Women’s Empowerment Month: Respectful Reel Review #16


Fighting with My Family




Biographical, Wrestling, Comedy-Drama


Florence Pugh, Lena Headey, Nick Frost, Jack Lowden, Vince Vaughn, The Rock, James Burrows, Hannah Rae, Thea Trinidad, Kim Matula, Aqueela Zoll, Ellie Gonsalves, Stephen Merchant, Julia Davis


Stephen Merchant


When the daughter and son of a British wrestling family get a chance to audition for the WWE, the opportunity is surprisingly accompanied by unrelenting physical demands, the personal struggles of family jealousy, and dreams unrealized.


A Comedy About a Family That Fights a Little Differently


Rick and Julia are professional wrestlers who have taught and trained their children, Saraya and Zak, since very young the family business. They learn to perform in the ring and as they get older, they aspire to work for the WWE (World Wrestling Entertainment). The youths manage to get an audition in front of Trainer Hutch Morgan on a night the WWE is taping SmackDown in England.
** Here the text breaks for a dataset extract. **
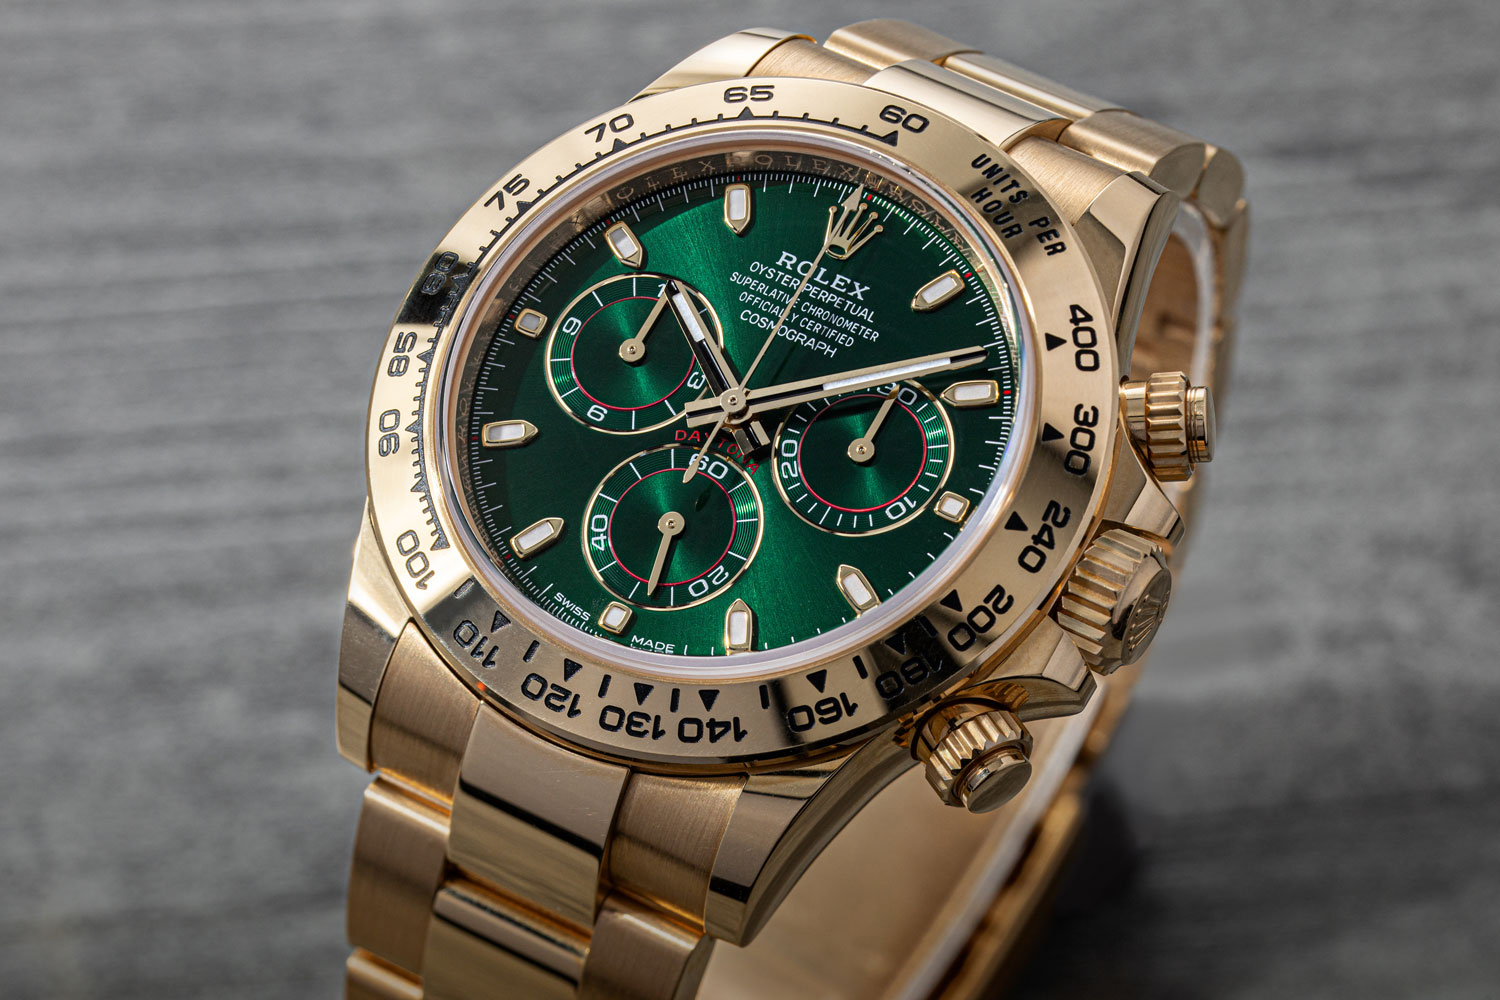 A magnificent chunk of yellow gold goodness - The Rolex Daytona 116508 (Image: Revolution©)

Before the tryouts, Saraya and Zak meet Dwayne “the Rock” Johnson who takes an interest in them, sharing advice about authenticity in the midst of a “show.” Saraya is told to change her name and she decides to call herself Paige. When Morgan only chooses Paige, she protests. She fully expected that the WWE would take both she AND her brother.

When Paige arrives in Florida as part of the NXT roster, she finds herself in the midst of a great culture shock. She, who has come from a British wrestling family, has been thrown together with models, cheerleaders, and fitness fanatics with very little wrestling experience. Needless to say, Paige struggles to fit in because despite being better prepared with wrestling moves, her fitness level is low in comparison.

Back at home, Zak continues to contact Morgan in the hopes of getting another audition. When Morgan tells Zak that he will never be a WWE superstar, Zak falls into a depression, becoming surly and resentful.

When Paige is heckled during her first live NXT performance, she leaves the spotlight in tears. Self-conscious about what she has attributed to be a failure, she decides to dye her hair blonde, and tan in order to fit in with the California beach-body look some on the roster carry so well. With yet another failure on the obstacle course, Paige hears whispers that she feels involve her. She is wrong.

Because she is so distraught, Morgan tells Paige that she should quit. He tells her that the reason he never chose Zak was because her brother would become a journeyman wrestler, a jobber, someone paid to lose fights and make the stars look better. If Paige wanted to be with her family then she never had what it takes to be a star and he was wrong. Returning home for the holidays, Paige tells her brother that she is considering quitting and he is not happy.


Last year, the Beard’s daughter, Jeanette Anna Marie Figueroa (Jammie for short) recommended this movie to me. I didn’t have access to the movie until after Women’s Empowerment Month ended, and as is typical for life, I forgot about it. During lock-down, I watched Fighting with My Family and thoroughly enjoyed it. I knew that I would eventually get to doing a review, so now seems the perfect time to do it.

Many Puerto Rican men from my father’s generation have an antiquated view of women. Consequently, the Beard and I feel that it is our responsibility to promote the month of March to laud not just the women who raised us, but also my sisters and nieces. We recognize that women are so much more than just aesthetic beauty, intelligence, and motherhood. Women fill us with awe and gratitude.

Here, Fighting with My Family is about a woman attempting to fulfill not just her dream, but the dreams of her family. In a very real sense, her success signifies their success. As in any biographical story, creative license has taken place, but the story still feels genuine. Having been a WWE fan during the time that Paige wrestled, I was aware of her accomplishments. However, watching the story unfold from her point-of-view adds depth and pathos to her story.

Stephen Merchant’s directing is stellar. He gets really dramatic camera angles when warranted and captures the emotive nuances in a non-intrusive way. The music is headbanging loud when it needs to be and subtle during the right places. It becomes intrusive during the hyperkinetic parts when actual wrestling happens. The acting is believable, and mixing in WWE actual superstars along with actors representing other superstars is a good mix.

As far as Women’s Empowerment, the message is not preachy, but communicates a standard message of “You can’t judge a book by its cover.” It is served well by the story and I feel worthy of promotion.

I found this movie to be great fun. Check it out and let me know what you think. 4 and a half out of 5 Grey Geeks.

As for me, it’s time for to me to get on out of here. My name is Louie Matos. I’m the Mustache. See you later. Take it easy!